■ Records provided

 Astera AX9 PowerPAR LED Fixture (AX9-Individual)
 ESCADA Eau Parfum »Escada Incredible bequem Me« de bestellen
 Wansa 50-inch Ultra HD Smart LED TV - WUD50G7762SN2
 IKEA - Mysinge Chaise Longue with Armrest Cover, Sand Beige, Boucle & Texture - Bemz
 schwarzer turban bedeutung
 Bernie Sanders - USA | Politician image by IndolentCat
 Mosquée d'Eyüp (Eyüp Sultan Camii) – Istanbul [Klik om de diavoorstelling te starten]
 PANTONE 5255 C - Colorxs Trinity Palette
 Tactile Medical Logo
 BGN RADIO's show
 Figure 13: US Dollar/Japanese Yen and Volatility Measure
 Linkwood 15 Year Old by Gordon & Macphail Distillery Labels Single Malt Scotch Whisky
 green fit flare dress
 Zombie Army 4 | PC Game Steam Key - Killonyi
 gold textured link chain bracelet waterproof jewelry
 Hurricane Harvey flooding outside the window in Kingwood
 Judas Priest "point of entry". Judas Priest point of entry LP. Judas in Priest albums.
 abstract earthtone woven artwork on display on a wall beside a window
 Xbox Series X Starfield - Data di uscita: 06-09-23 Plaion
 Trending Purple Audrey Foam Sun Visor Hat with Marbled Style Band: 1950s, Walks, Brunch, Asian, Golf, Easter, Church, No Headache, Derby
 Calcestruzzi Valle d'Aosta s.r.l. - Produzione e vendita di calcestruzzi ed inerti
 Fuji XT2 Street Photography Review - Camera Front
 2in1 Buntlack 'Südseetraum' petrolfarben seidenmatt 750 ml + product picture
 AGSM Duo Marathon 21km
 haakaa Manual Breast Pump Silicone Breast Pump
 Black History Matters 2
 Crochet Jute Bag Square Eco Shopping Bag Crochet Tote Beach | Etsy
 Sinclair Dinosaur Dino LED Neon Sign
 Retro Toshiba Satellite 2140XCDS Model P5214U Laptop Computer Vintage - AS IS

■ Exercise instructions
The reply should hold only the lines from the first line of the listing above through the line with "Trending Purple Audrey", each copied exactly.

■ Result below
 Astera AX9 PowerPAR LED Fixture (AX9-Individual)
 ESCADA Eau Parfum »Escada Incredible bequem Me« de bestellen
 Wansa 50-inch Ultra HD Smart LED TV - WUD50G7762SN2
 IKEA - Mysinge Chaise Longue with Armrest Cover, Sand Beige, Boucle & Texture - Bemz
 schwarzer turban bedeutung
 Bernie Sanders - USA | Politician image by IndolentCat
 Mosquée d'Eyüp (Eyüp Sultan Camii) – Istanbul [Klik om de diavoorstelling te starten]
 PANTONE 5255 C - Colorxs Trinity Palette
 Tactile Medical Logo
 BGN RADIO's show
 Figure 13: US Dollar/Japanese Yen and Volatility Measure
 Linkwood 15 Year Old by Gordon & Macphail Distillery Labels Single Malt Scotch Whisky
 green fit flare dress
 Zombie Army 4 | PC Game Steam Key - Killonyi
 gold textured link chain bracelet waterproof jewelry
 Hurricane Harvey flooding outside the window in Kingwood
 Judas Priest "point of entry". Judas Priest point of entry LP. Judas in Priest albums.
 abstract earthtone woven artwork on display on a wall beside a window
 Xbox Series X Starfield - Data di uscita: 06-09-23 Plaion
 Trending Purple Audrey Foam Sun Visor Hat with Marbled Style Band: 1950s, Walks, Brunch, Asian, Golf, Easter, Church, No Headache, Derby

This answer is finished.